Only the lines from the top of the data through the one with "Woman calling and" are to be written out, each exactly as it stands.
##############################
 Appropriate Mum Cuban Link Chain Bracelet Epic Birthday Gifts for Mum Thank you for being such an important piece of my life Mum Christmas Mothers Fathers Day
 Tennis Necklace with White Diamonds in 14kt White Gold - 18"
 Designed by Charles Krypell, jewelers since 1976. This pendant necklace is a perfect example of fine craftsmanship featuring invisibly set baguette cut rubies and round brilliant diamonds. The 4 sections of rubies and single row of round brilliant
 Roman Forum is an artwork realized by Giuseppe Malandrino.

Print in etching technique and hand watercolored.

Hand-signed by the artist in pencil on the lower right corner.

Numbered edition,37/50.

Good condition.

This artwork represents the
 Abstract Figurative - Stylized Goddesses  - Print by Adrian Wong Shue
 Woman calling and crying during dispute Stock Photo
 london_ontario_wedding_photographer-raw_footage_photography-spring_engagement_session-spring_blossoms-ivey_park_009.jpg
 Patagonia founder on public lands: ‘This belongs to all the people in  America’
##############################
▸ **Exercise result**
 Appropriate Mum Cuban Link Chain Bracelet Epic Birthday Gifts for Mum Thank you for being such an important piece of my life Mum Christmas Mothers Fathers Day
 Tennis Necklace with White Diamonds in 14kt White Gold - 18"
 Designed by Charles Krypell, jewelers since 1976. This pendant necklace is a perfect example of fine craftsmanship featuring invisibly set baguette cut rubies and round brilliant diamonds. The 4 sections of rubies and single row of round brilliant
 Roman Forum is an artwork realized by Giuseppe Malandrino.

Print in etching technique and hand watercolored.

Hand-signed by the artist in pencil on the lower right corner.

Numbered edition,37/50.

Good condition.

This artwork represents the
 Abstract Figurative - Stylized Goddesses  - Print by Adrian Wong Shue
 Woman calling and crying during dispute Stock Photo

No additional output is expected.